Work task
Copy the listing that follows exactly. Its pictures do not belong in the copy.

Data excerpt
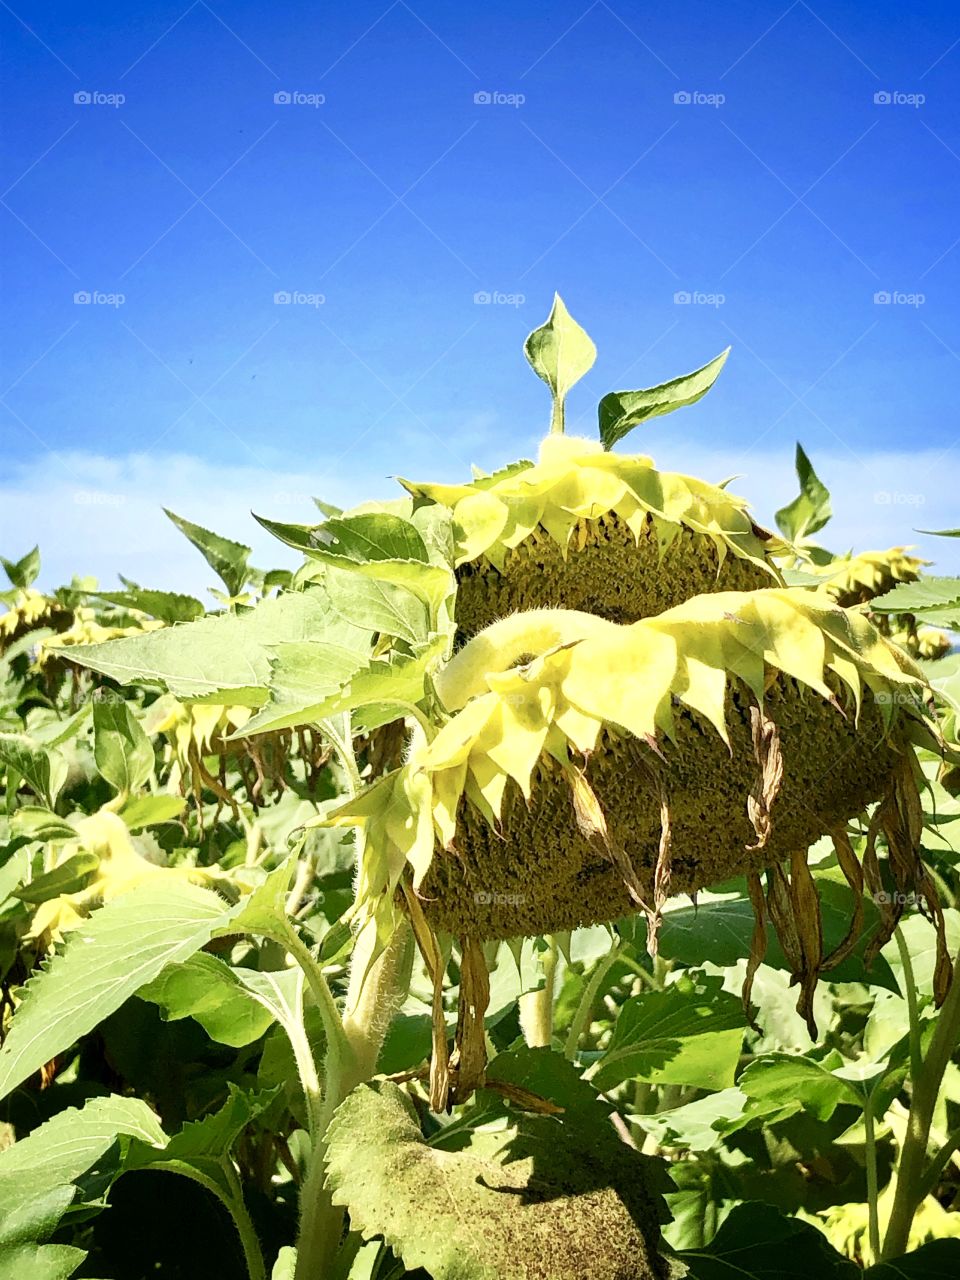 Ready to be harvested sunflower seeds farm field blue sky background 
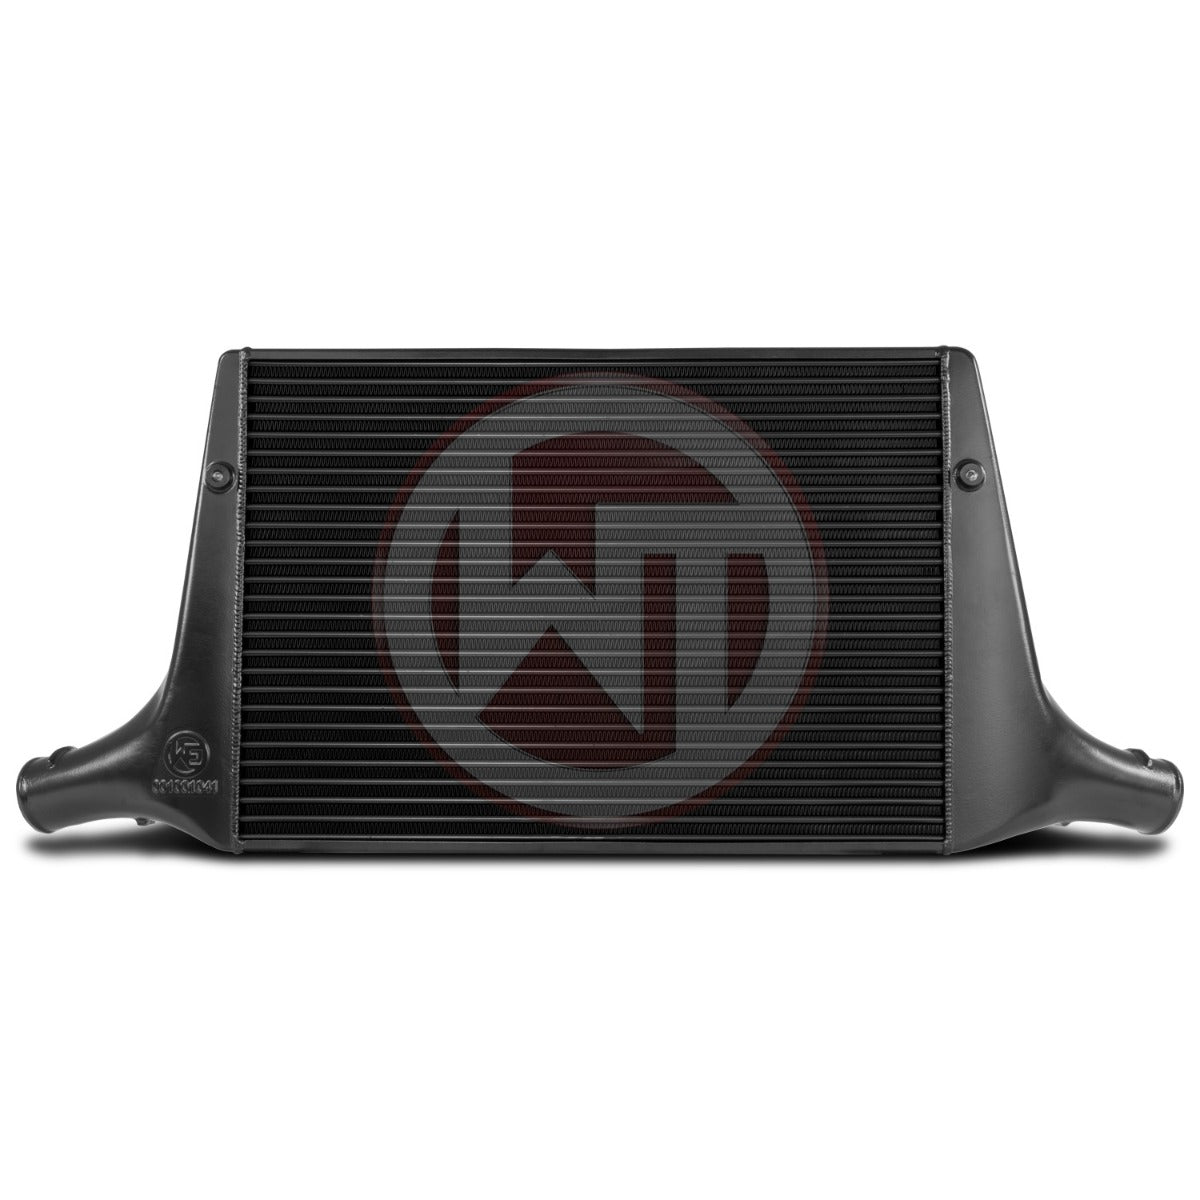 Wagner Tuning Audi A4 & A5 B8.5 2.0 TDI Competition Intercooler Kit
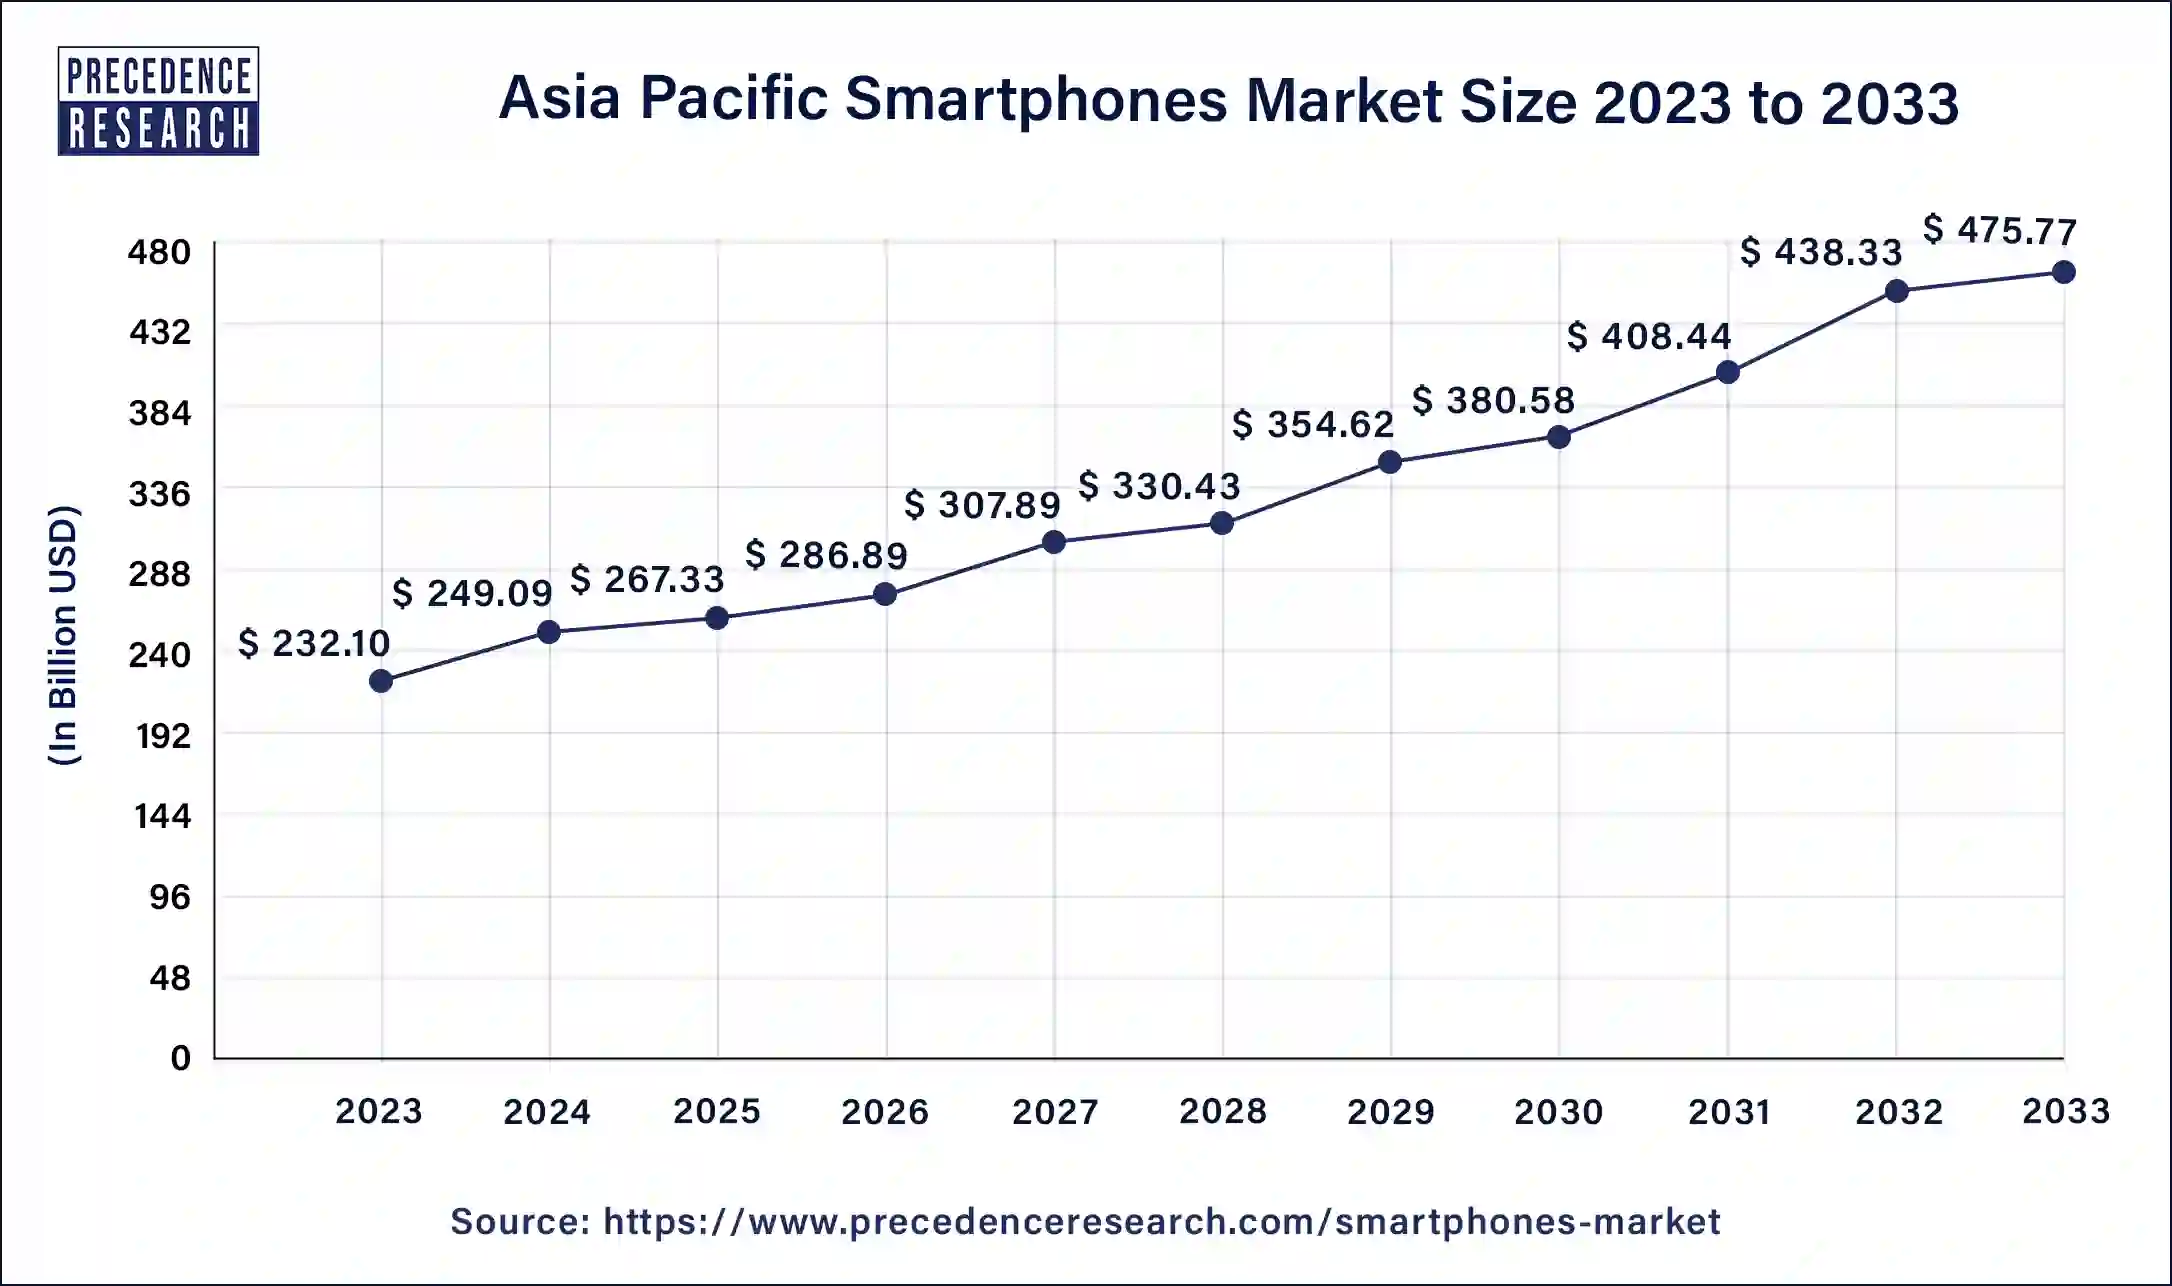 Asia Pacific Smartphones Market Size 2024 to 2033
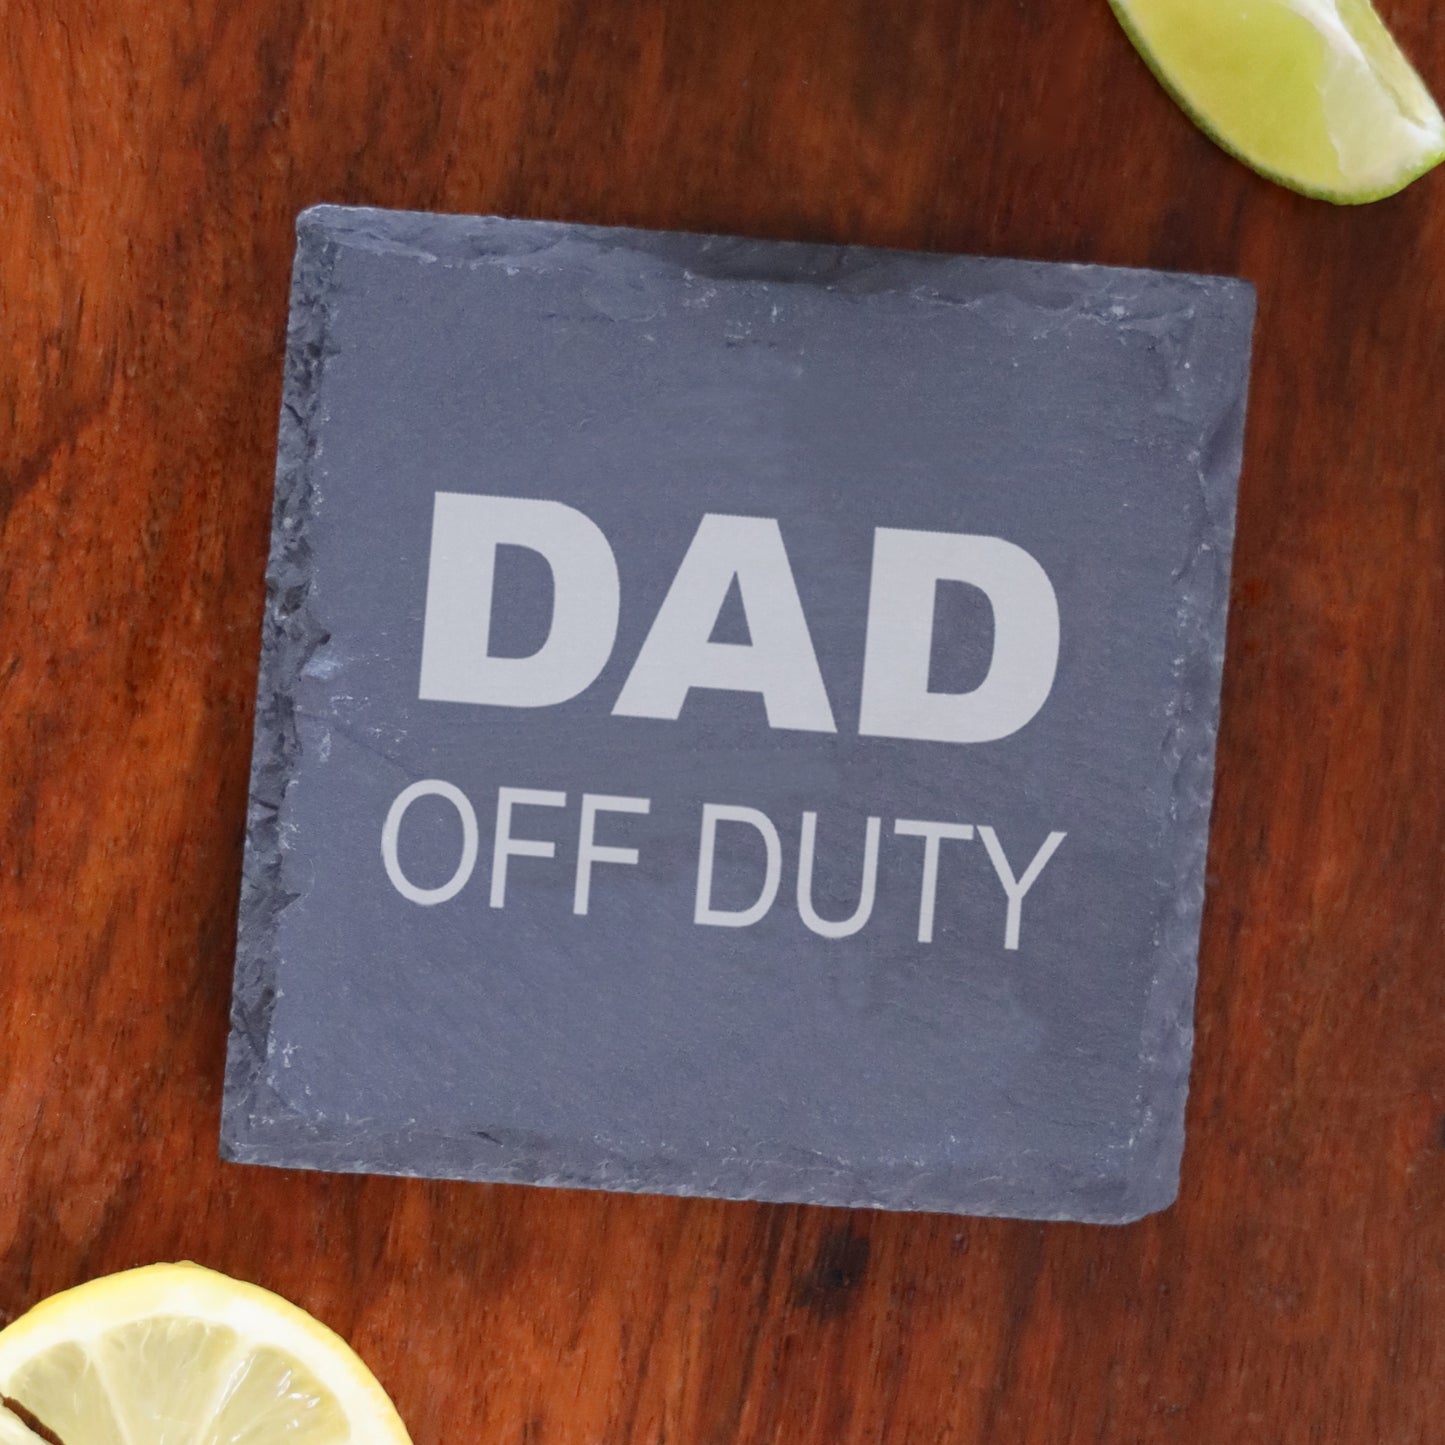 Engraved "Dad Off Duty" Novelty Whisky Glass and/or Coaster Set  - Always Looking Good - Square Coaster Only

Expected output
 Ready to be harvested sunflower seeds farm field blue sky background 
 Wagner Tuning Audi A4 & A5 B8.5 2.0 TDI Competition Intercooler Kit
 Asia Pacific Smartphones Market Size 2024 to 2033
 Engraved "Dad Off Duty" Novelty Whisky Glass and/or Coaster Set  - Always Looking Good - Square Coaster Only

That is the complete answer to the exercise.